Let's assume the application has a few a entities, one of them will be the User. In a typical SQL world you
would have a table that has something like user_id, first_name and so on. Then all other tables will be linked to
this table with Foreign Primary Key on user_id. If we would try to replicate this scenario the schema will
look like this:
/* users collection */
> db.users.find().pretty()
{
"_id" : ObjectId("5107fb6736141503d37b6a31"),
"username" : "johnd",
"password" : "bc7a0154948baa69ecbe1d7843b25113fc5f3f20",
"first_name" : "fname"
}
>
/* objects collection - linking back to users via user_id */
> db.objects.find().pretty()
{
"_id" : ObjectId("5107fc7536141503d37b6a32"),
"user_id" : ObjectId("5107fb6736141503d37b6a31"),
"data" : "all the goodies you need"
}
>
What can go wrong with this schema ?! Well, let's say we will shard on the users._id key, than MongoDB will
split data based on the chunk size as need it and distribute it accordingly. On the objects collection we will
have different options to shard, we can use the objects._id or objects.user_id etc. However if user X is located on
shard01 and most of his entries (if not all) are located on shard02 than if shard02 is down the user will be
without entries!

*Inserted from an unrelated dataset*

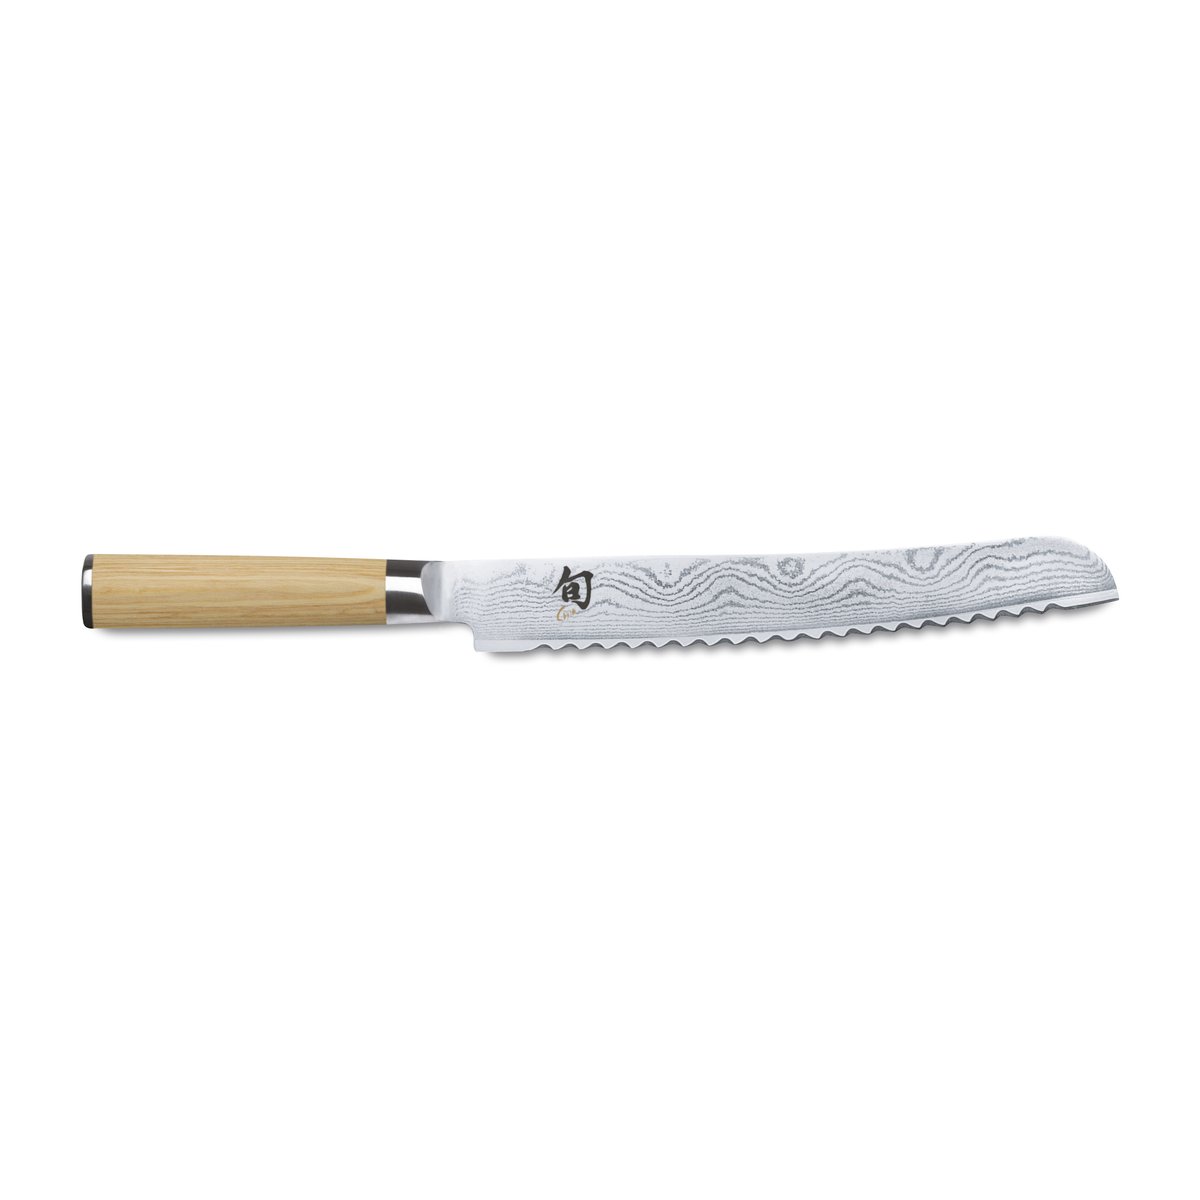 Kai Kai Shun Classic White brødkniv 23 cm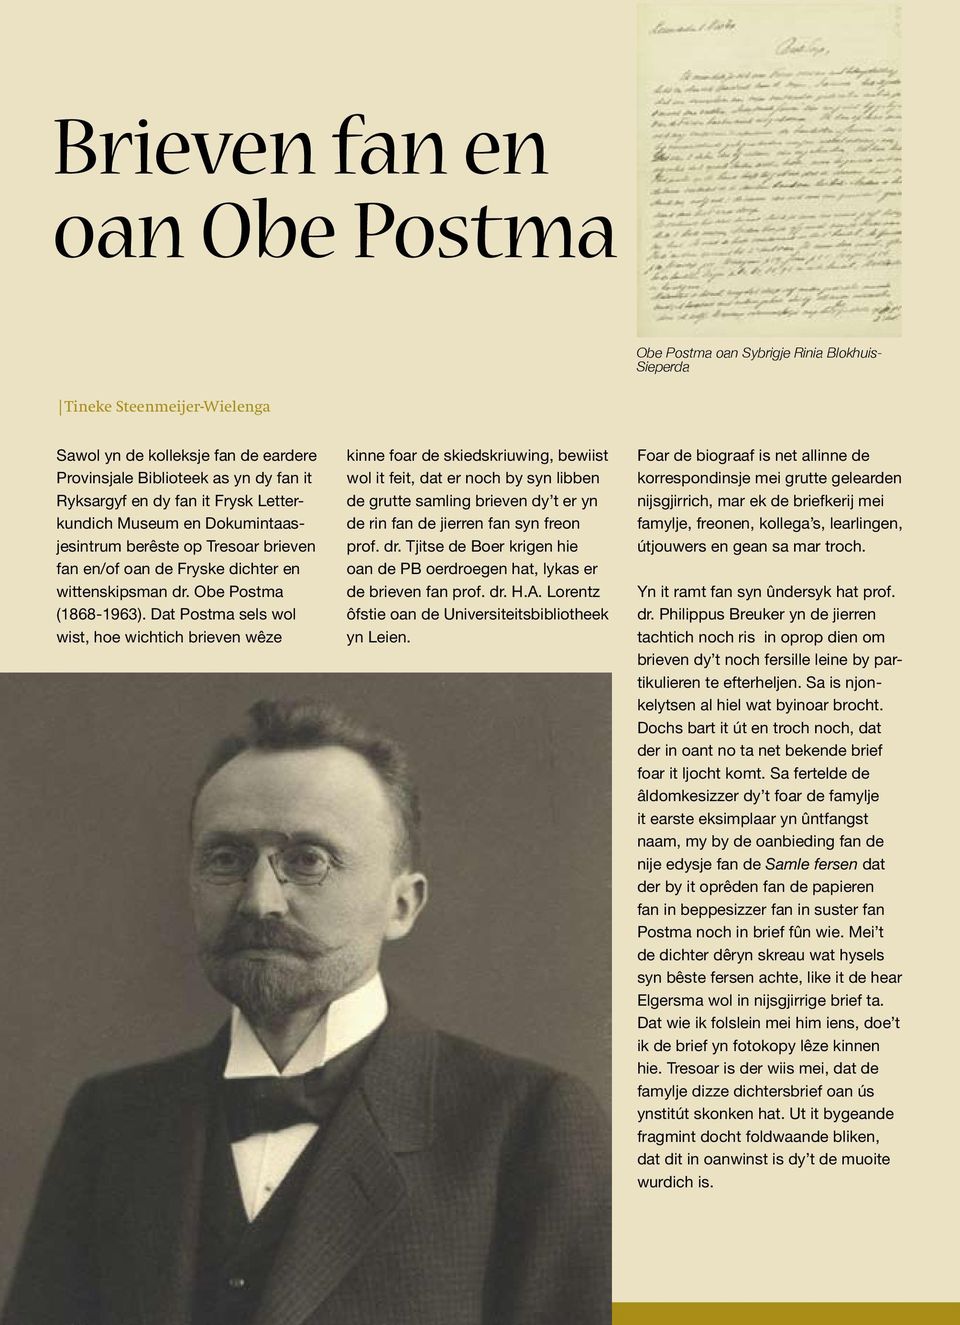 en dy fan it Frysk Letterkundich Museum en Dokumintaasjesintrum berêste op Tresoar brieven fan en/of oan de Fryske dichter en wittenskipsman dr. Obe Postma (1868-1963).

If shard01 is down the user can't even use the system. So what will be a better approach?
Locality of the data, have the user collection contain the objects collection. So this will look as:
/* users collection embeds the objects collection */
> db.users.find( {"username": "bobc"}).pretty()
{
"_id" : ObjectId("5107fe2936141503d37b6a33"),
"username" : "bobc",
"password" : "ad7a0154948baa69ecbe1d7843b25113fc5f3f20",
"first_name" : "fname",
"data" : {
"key" : "value"
}
}
With this schema if any of the shards are down than the user can NOT use the system but in case
it can use the system his data will be consistent.
The process of choosing the 'right' sharding key is very tricky, has a few constraints from the MongoDB part
as well it depends on your data structure and requirements. For more info see
Shard keys for MongoDB.
Final review of the total requirements:
- has to be resilient to failures
MongoDB ability to function into a Replica Set.
- has to be responsive all the time
MongoDB Replica Set, write to Primary and read from Secondary. In the case you need more capacity
there are two options, upscale of instance size and sharding.
- will need to support an initial high volume of users with the option to grow
Again Sharding and Replica Sets will fulfill.
- balanced as 70% reads and 30% writes for the database traffic
For the writes you have the option to add more shards, for reads you can add more servers to
the existing Replica Sets, I choose three servers but nobody stops you from adding five for example.
- to be cost effective (this is always relative to the business's budget)
Considering all other requirements having three members per Replica Set will be the minimum to have.
- because of the above (cost) constraint the business agree that if a catastrophic failures happens into
a region will be ok to have downtime but not ok to not be able to bring the site up somewhere else in a
manner of a few hours.
In the case of total failure of Primary Site from region US-EAST you can still have the data in US-WEST.
If your infrastructure is automated it will take no time to re-create all three architecture layers.
- Backups of the data
The nodes from US-WEST are the perfect candidate for this. Use EBS snapshots and ship data to S3.
With these snapshots you can recover even if all nodes (including US-WEST) are down.